**Provided data**
────────────────

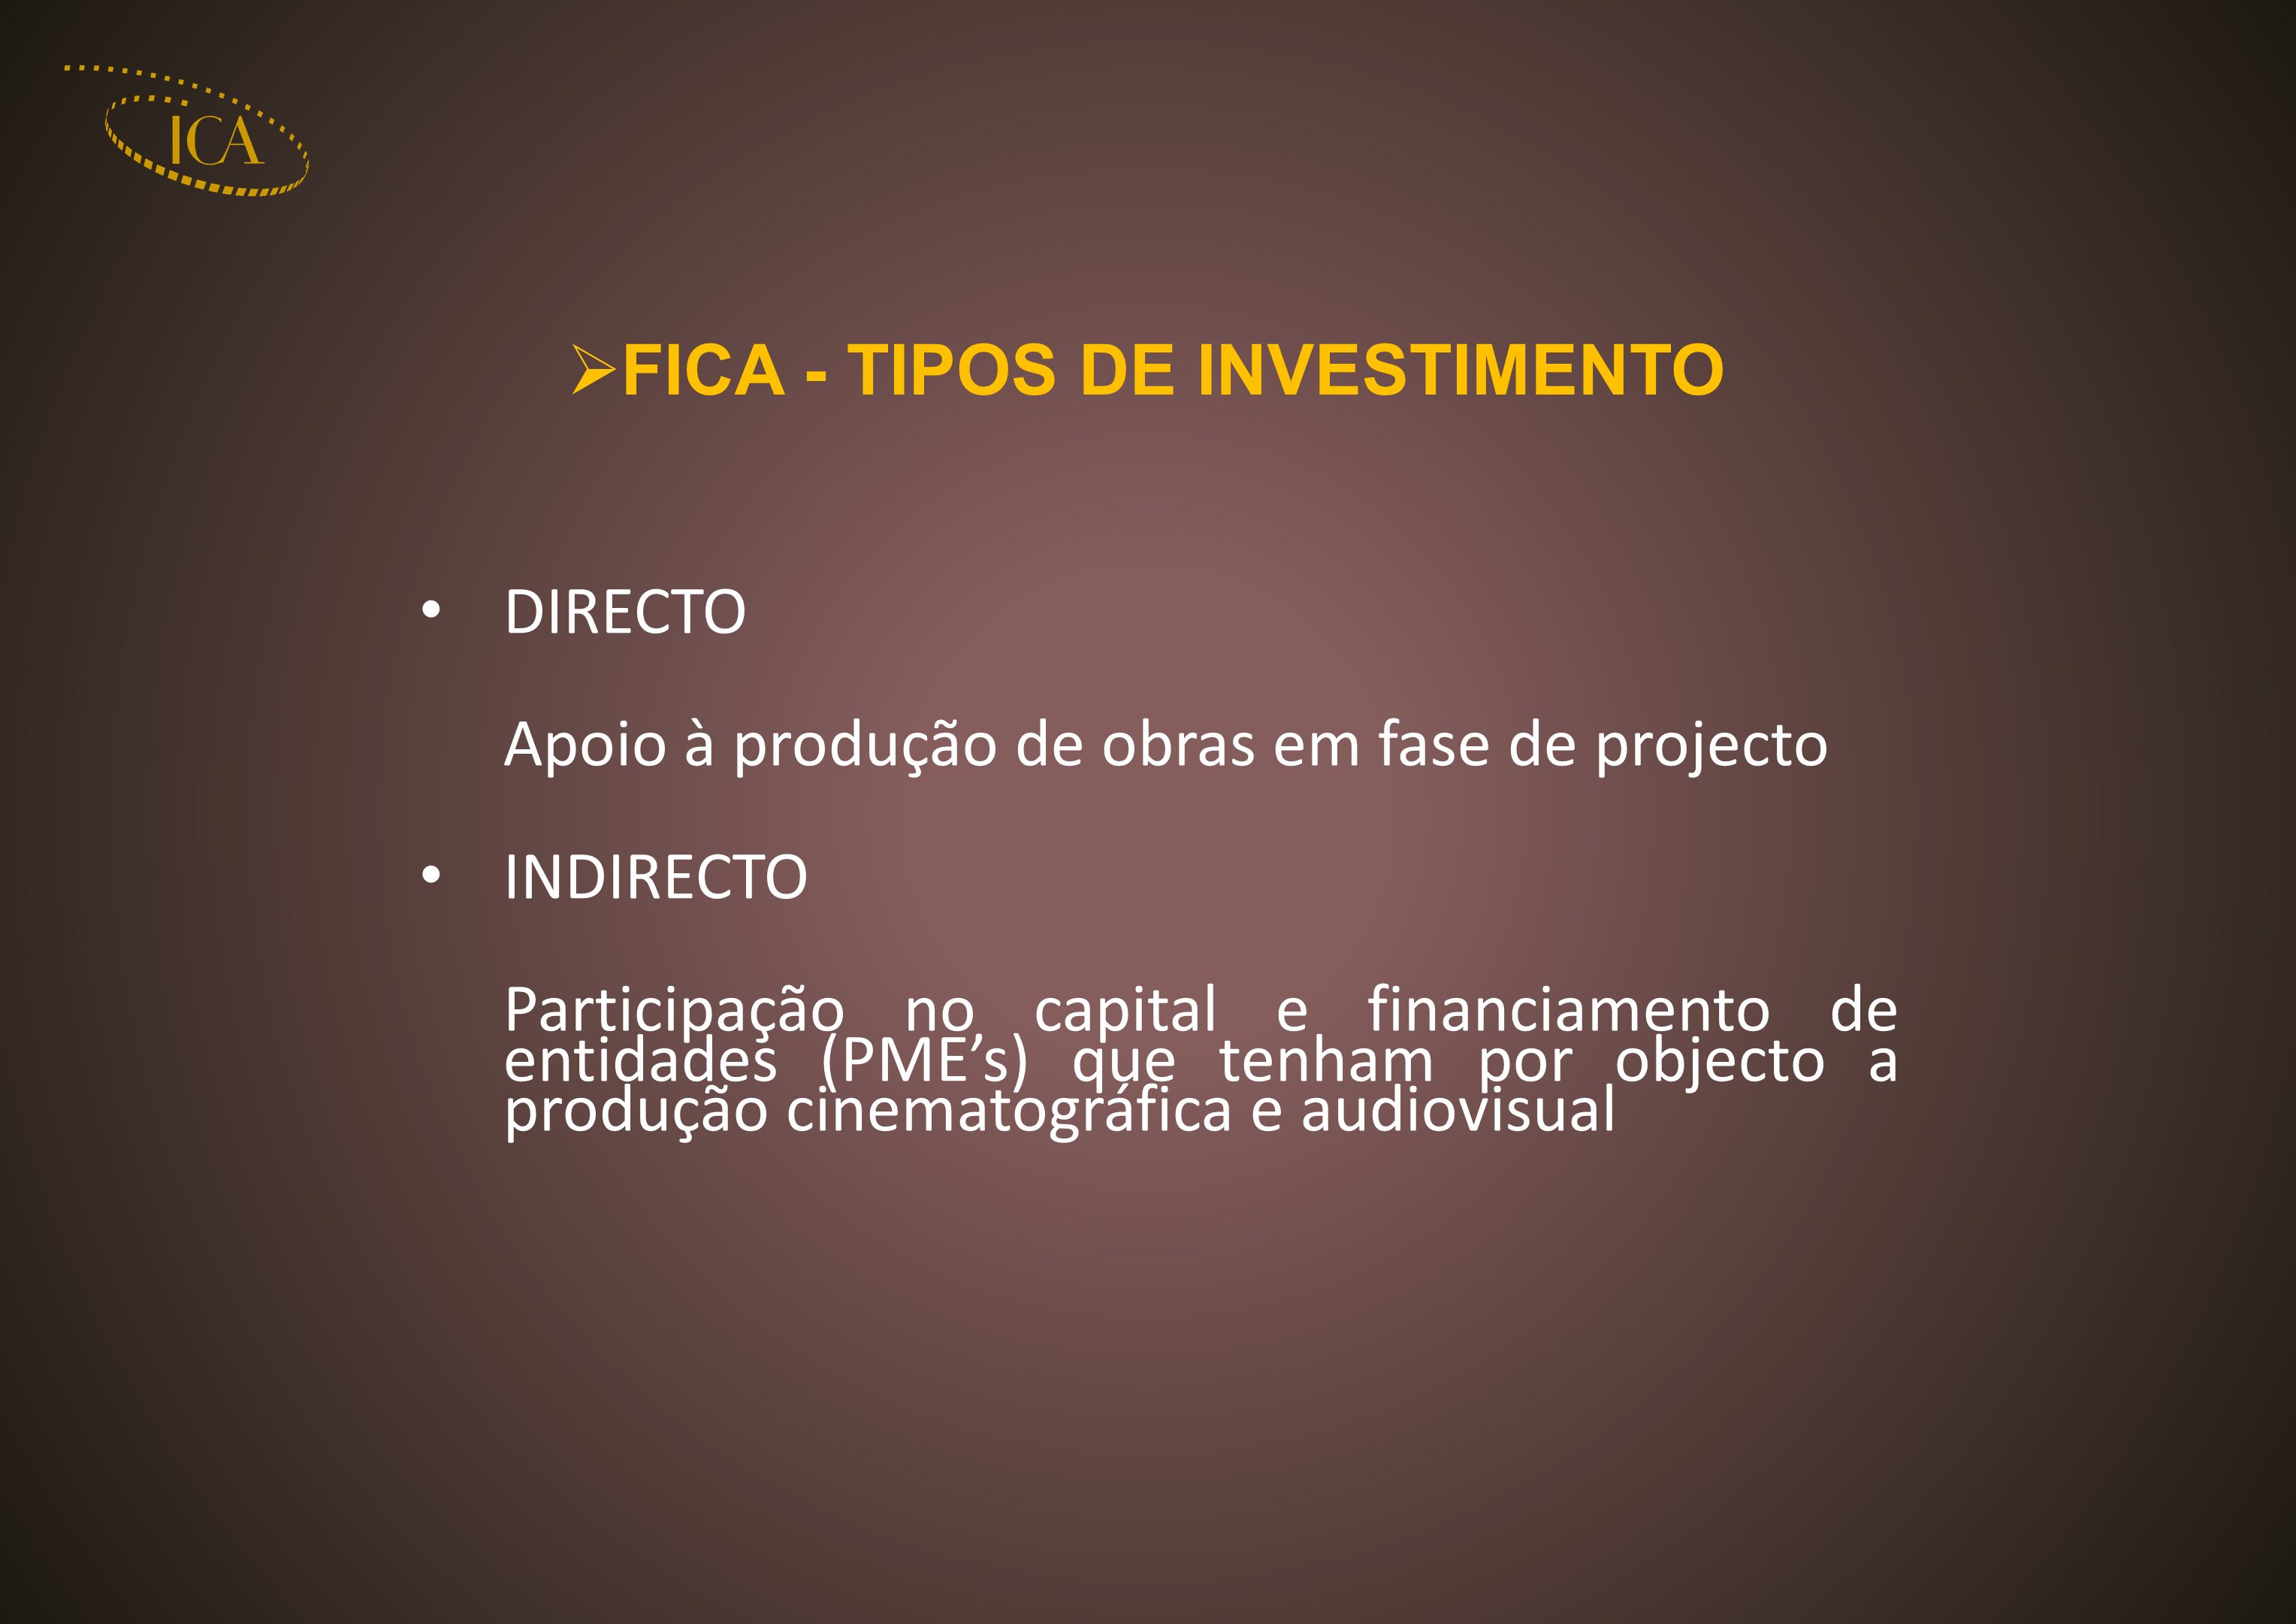 FICA - TIPOS DE INVESTIMENTO
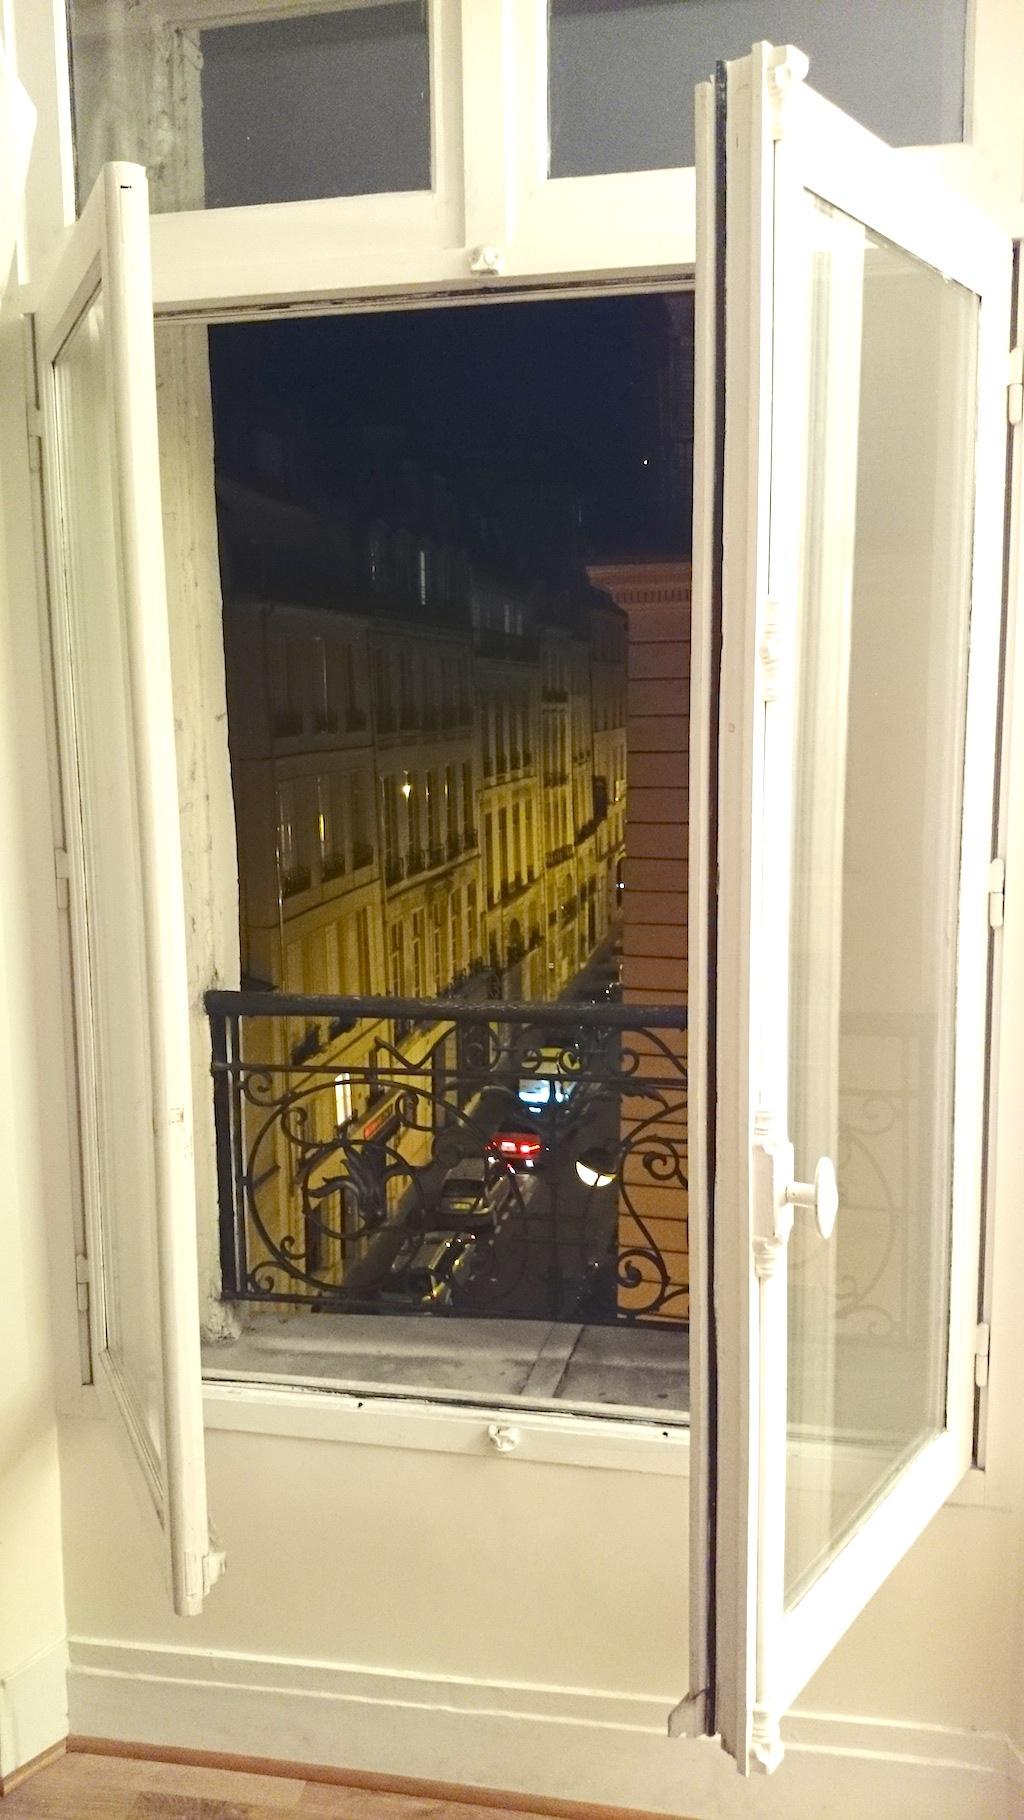 Paryż! To widok z okna naszego wynajmowanego mieszkania, cudownie!
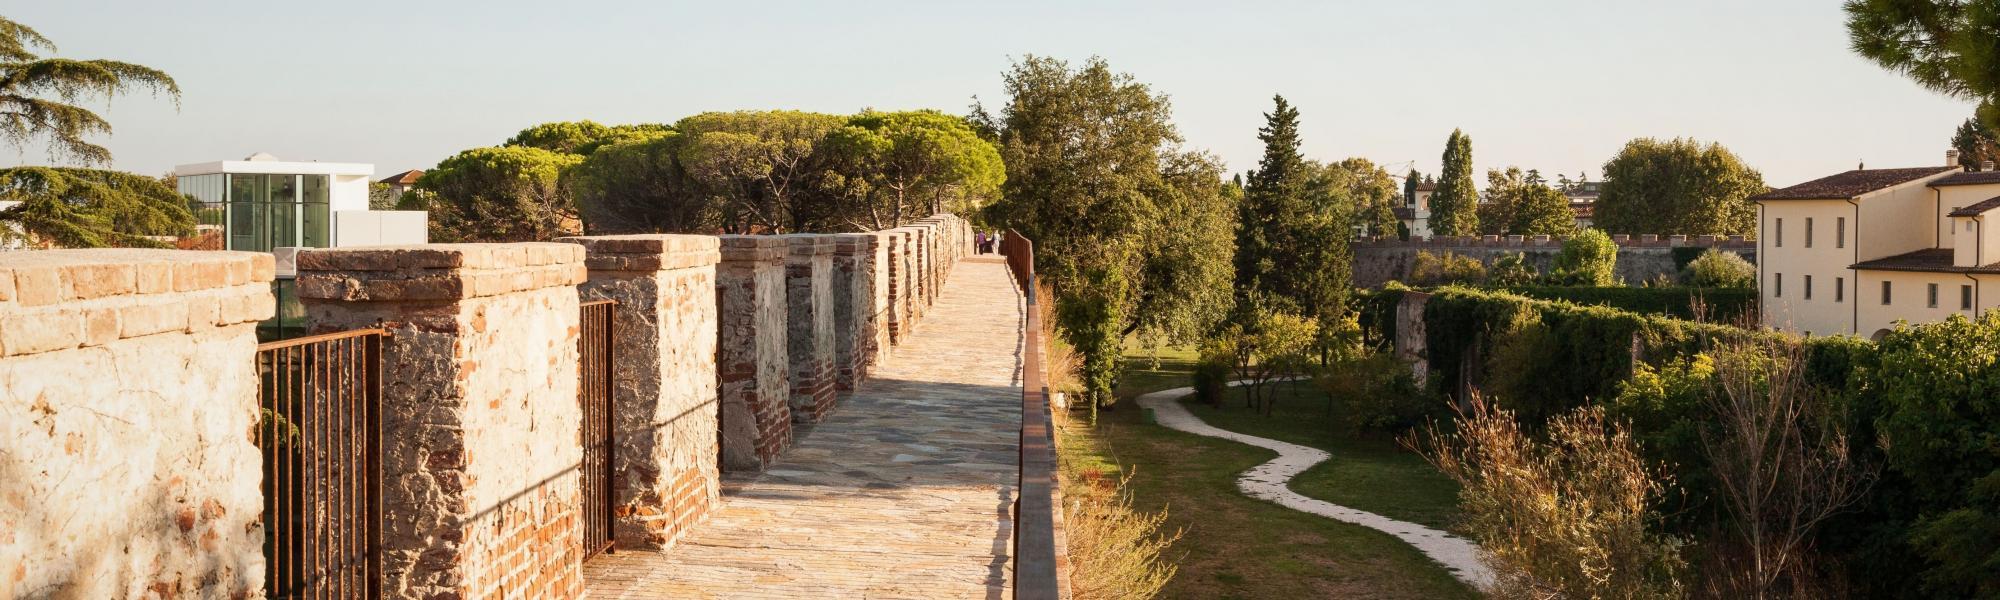 Camminamento sulle mura (Le Mura, www.muradipisa.it)
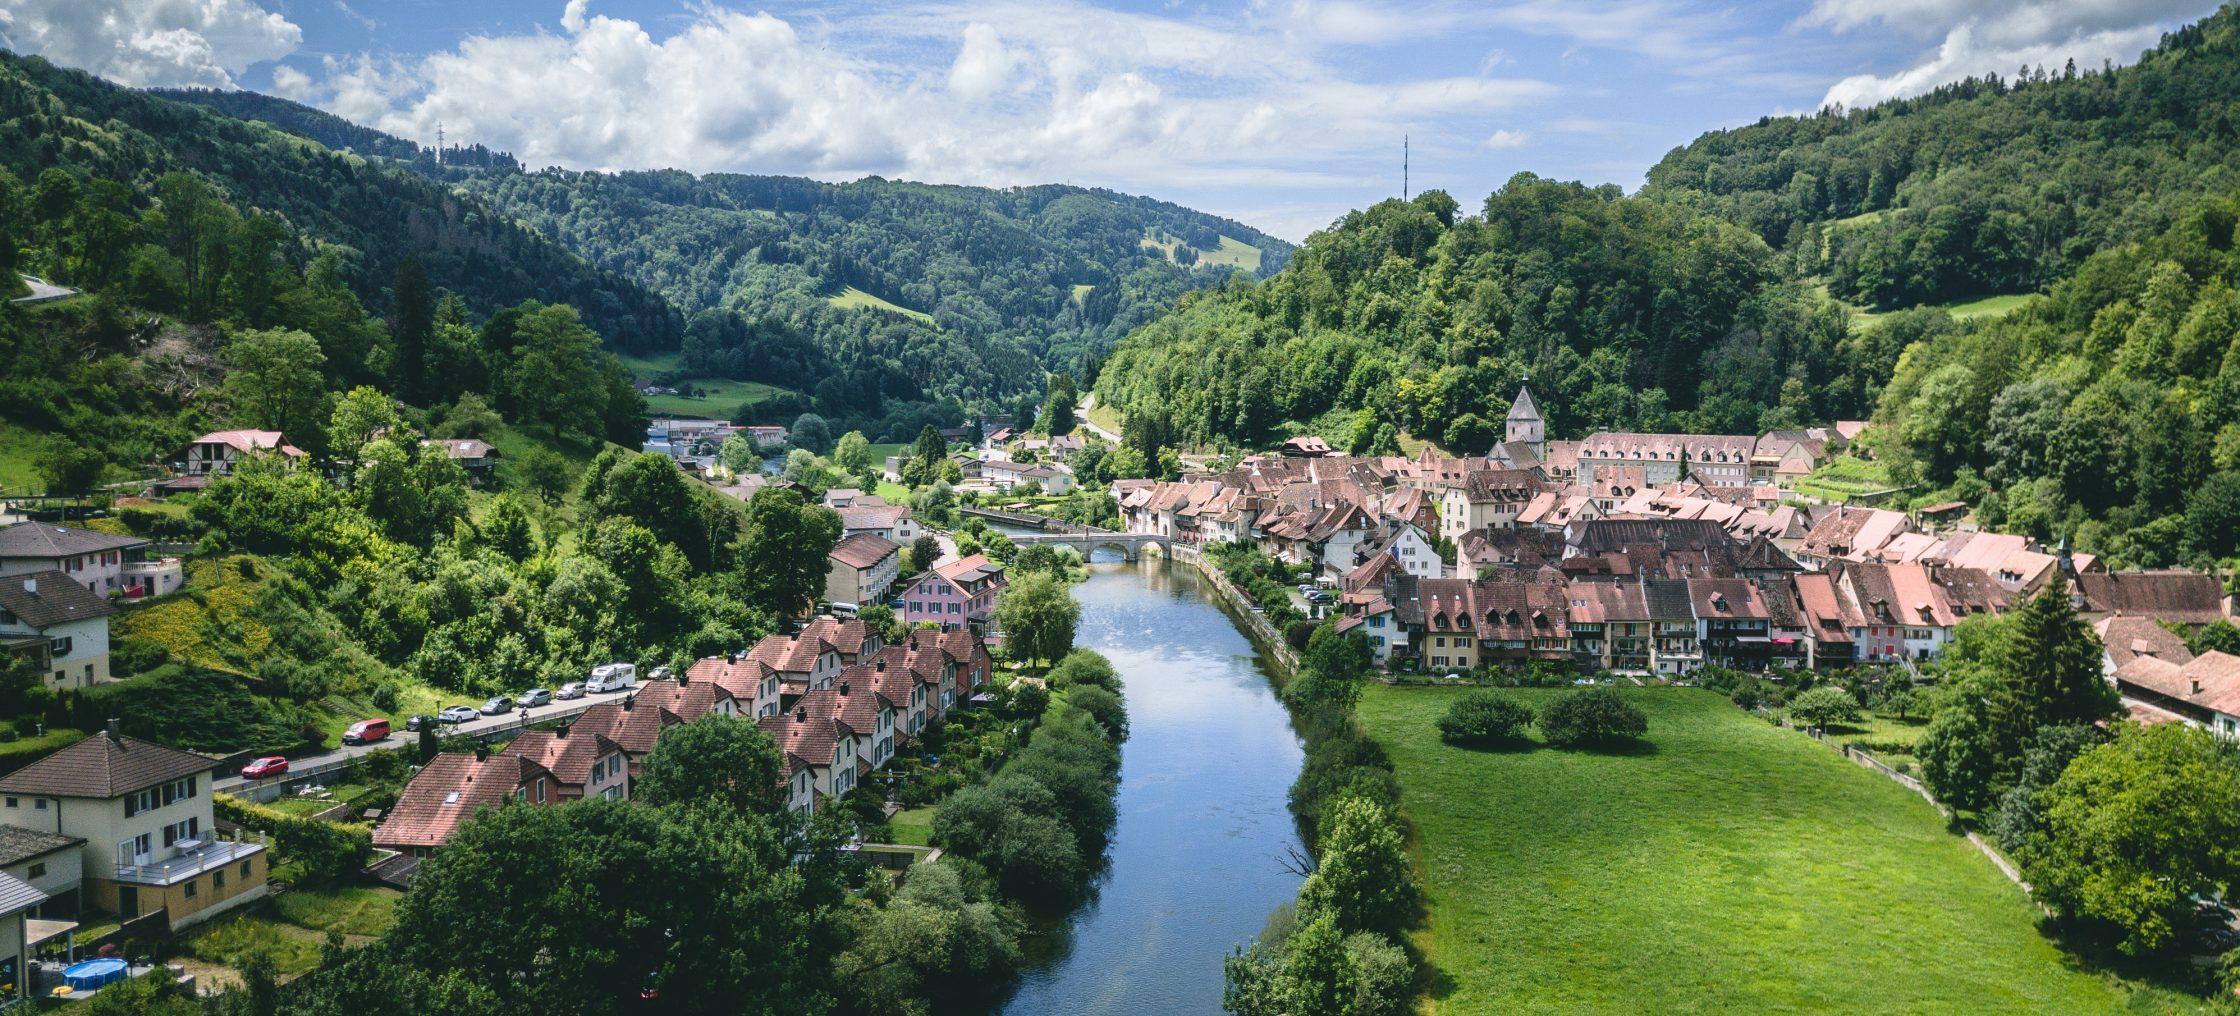 Saint Ursanne und umliegende grüne Landschaft

────────────────

**Activity**
Output the data exactly as it is, with the pictures dropped.

**Answer to the problem**
 FICA - TIPOS DE INVESTIMENTO
 Paryż! To widok z okna naszego wynajmowanego mieszkania, cudownie!
 Camminamento sulle mura (Le Mura, www.muradipisa.it)
 Saint Ursanne und umliegende grüne Landschaft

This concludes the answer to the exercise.